Fruit & Vegetable Magazine

Equipment Harvesting
Building soil health from the ground up

November 30, 1999  By Dan Woolley

Nova Scotia fruit and vegetable grower Josh Oulton plants a cover crop of rye in place of fumigation.

When Nova Scotia fruit and vegetable producer Josh Oulton discovered his fertilizer applications weren’t doing the job and his yields were not as he had hoped, he turned to do-it-yourself soil building in hopes of building the productivity of his soil.

Oulton farms a 350-acre operation near Port Williams, N.S., raising both organic and conventional crops. He grows his conventional crops under plastic and in tunnels with the bulk of his crops being tree fruits, strawberries and Brassicas.

He decided to try his hand at soil formation after attending a five-day workshop held by American soil biology researcher Dr. Elaine Ingham. He also consulted with soil expert Gary Zimmer, author of The Biological Farmer: A Complete Guide to the Sustainable and Profitable System of Farming. With his new knowledge, Oulton started his changeover, building his soil with compost, compost tea, manure and cover crops.


“The goal (is) to create a living soil,” he said. “The soil that we farm is a living, healthy organism.”

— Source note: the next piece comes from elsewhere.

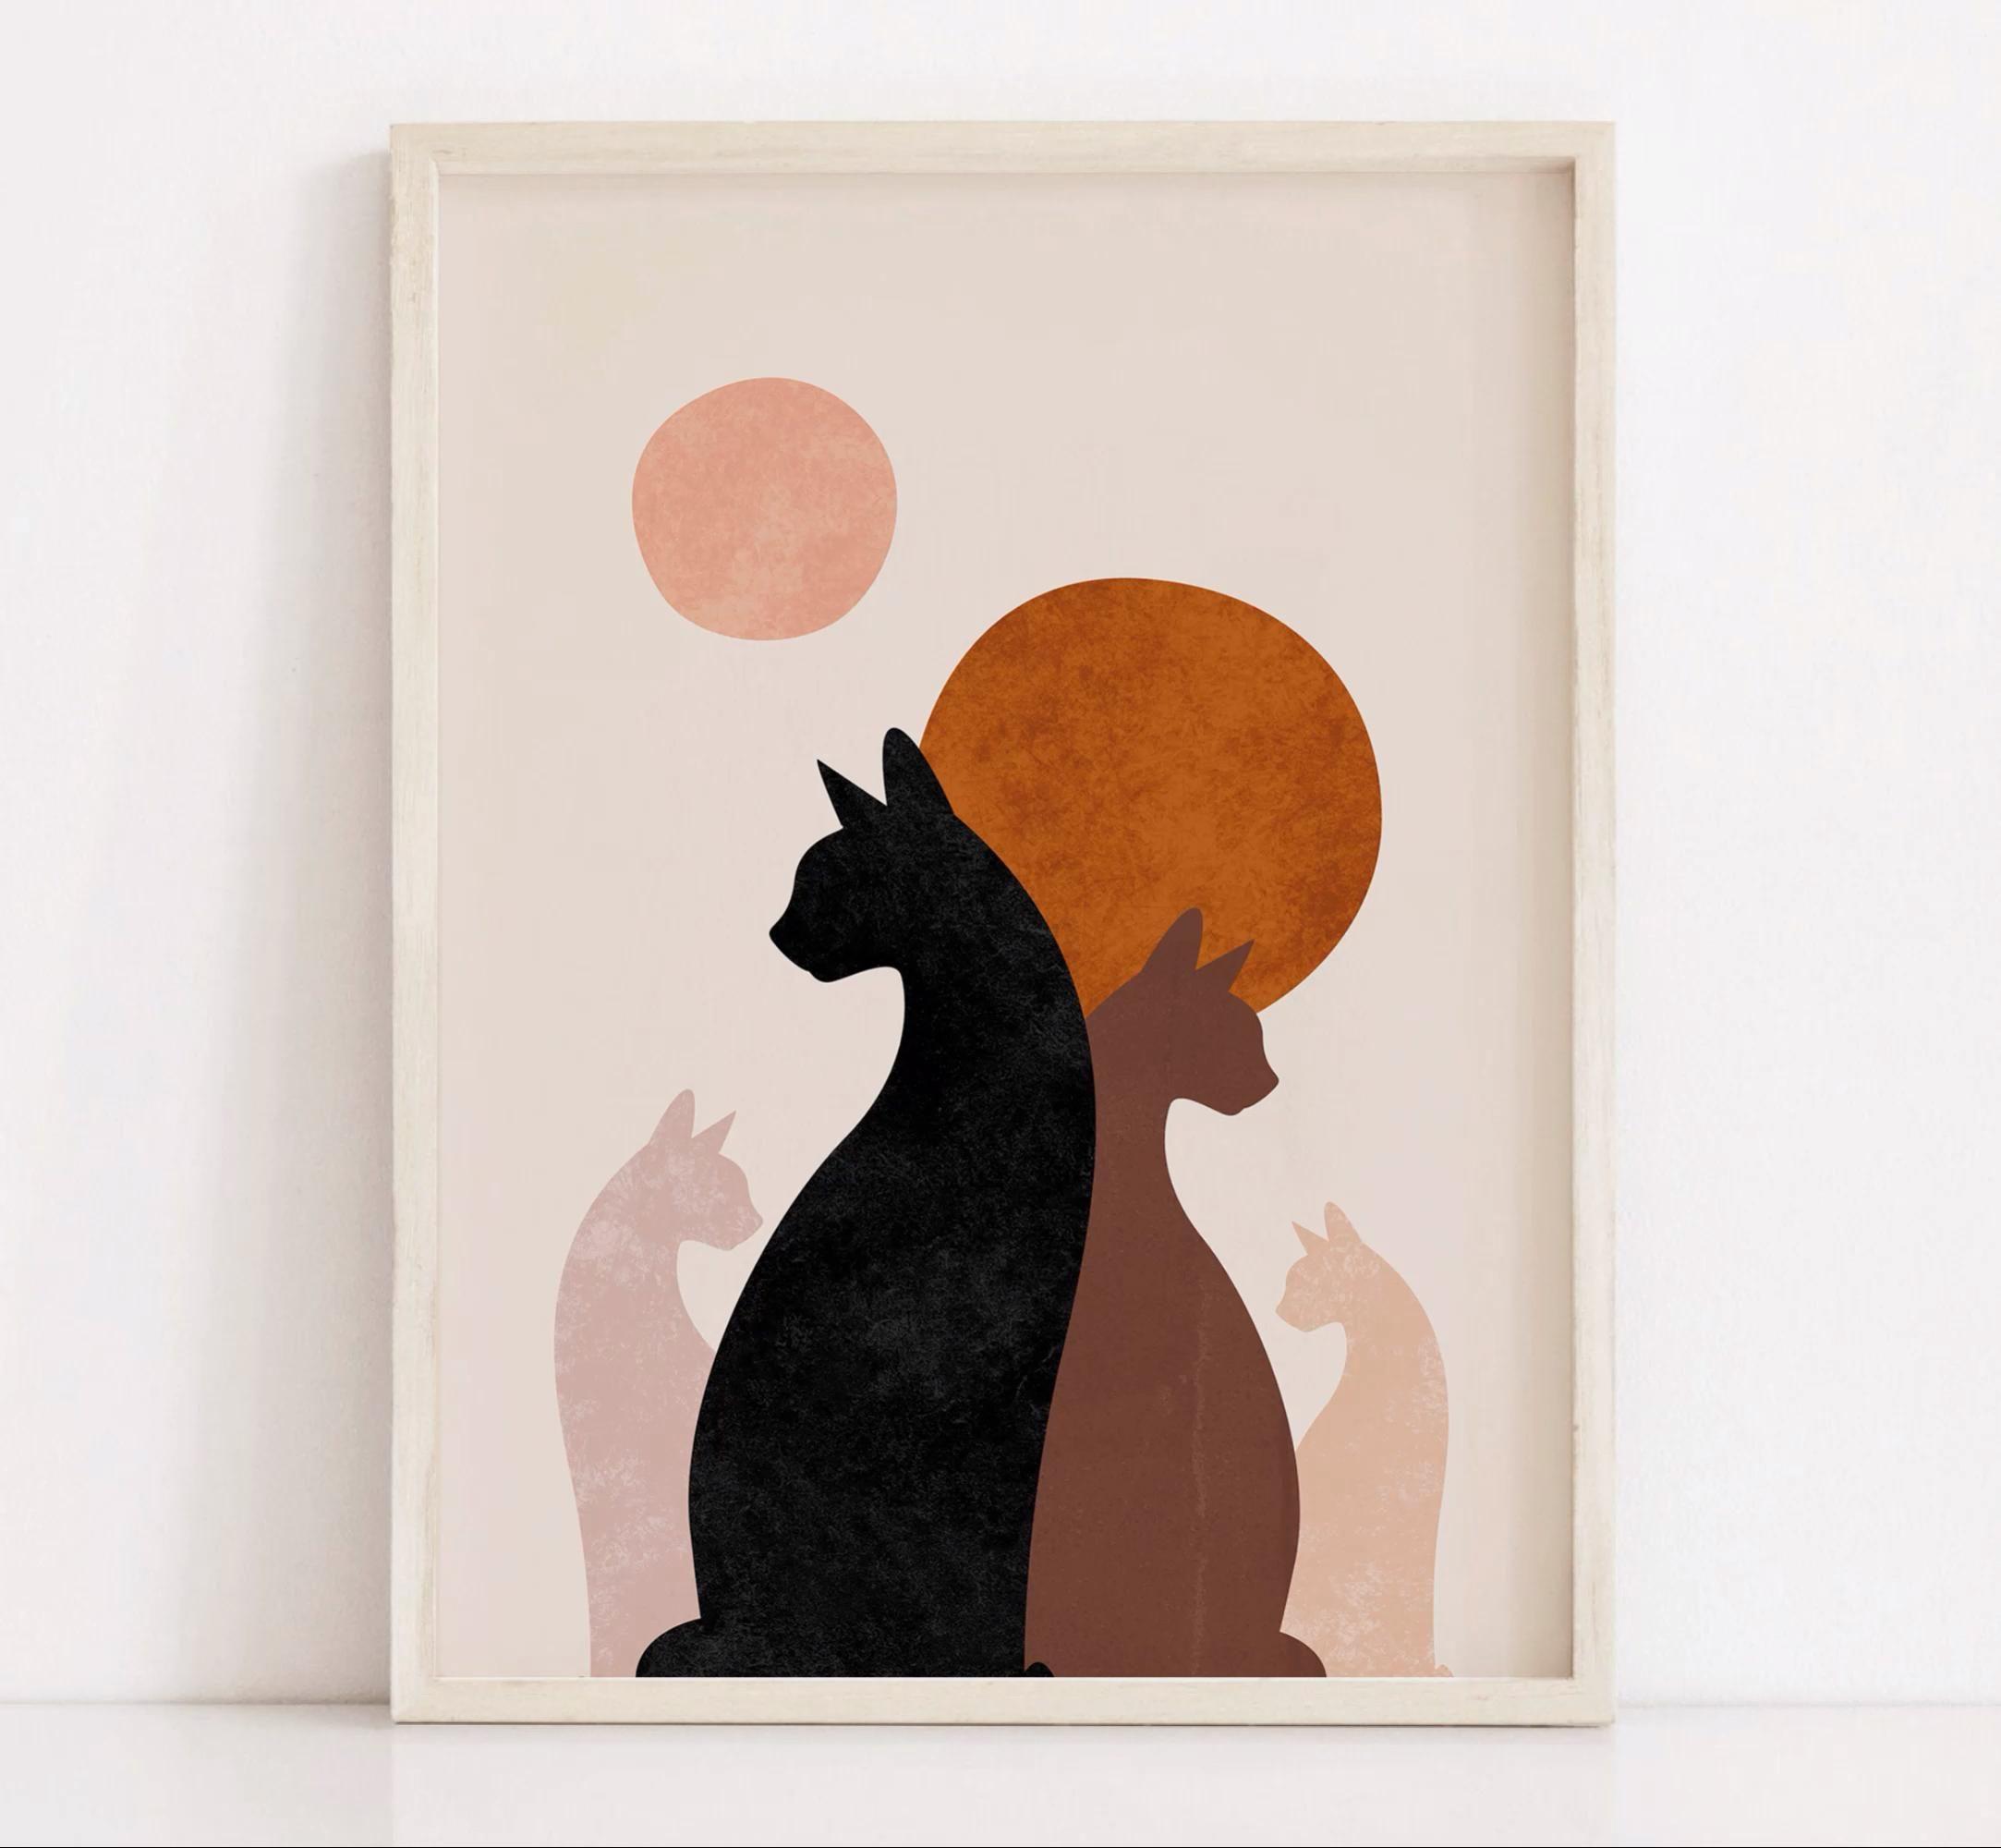 Wall Art Print Digital Artwork Downloadable Prints Digital Home Deco Printable Abstract Modern Art Modern Cat Abstract Cat Painting

One of Dr. Ingham’s fundamental soil building beliefs is moving away from tillage equipment that cuts the soil, opting instead for no-till cultivation. This proved difficult for Oulton, as his soil tends to clump. He decided to plant alfalfa and apply manure to his soil in a bid to add organic matter.

He then started work on his compost.

“To make good compost, you need the right temperature, at the right time and the appropriate ratio of carbon to nitrogen,” he explained.

Oulton uses a combination of cardboard, vegetable waste and wood chips to make his compost, striving to maintain an internal compost temperature between 130 and 150 F. During the active phase of composting, he uses a Stittler Compost Turner to turn the mixture twice a day.

When making compost, a grower will create either fungal dominant or bacterial dominant compost, Oulton explained, adding that with bacterial dominant compost, the soil will need fumigation.

Unfortunately “fumigation was absolutely the worst thing I could do to our land,” he said.

With this lesson learned, Oulton now plants a cover crop of rye in place of fumigation.

“Don’t use compost as a nutrient,” he recommends. “It is a soil supplement to build up the soil.”

Instead, he applies manure as a nutrient for his crops.

For his compost teas, Oulton buys ingredients from The Jolly Farmer in Hampton, N.B. He uses both compost and fungal teas “to replace bad biology with good biology” and applies the teas using a sprayer, ensuring there is no fungicide residue remaining in the tank before use.

For Oulton, a happy soil is a productive one.

“Healthy soil isn’t compacted or airless and won’t support weeds,” he said.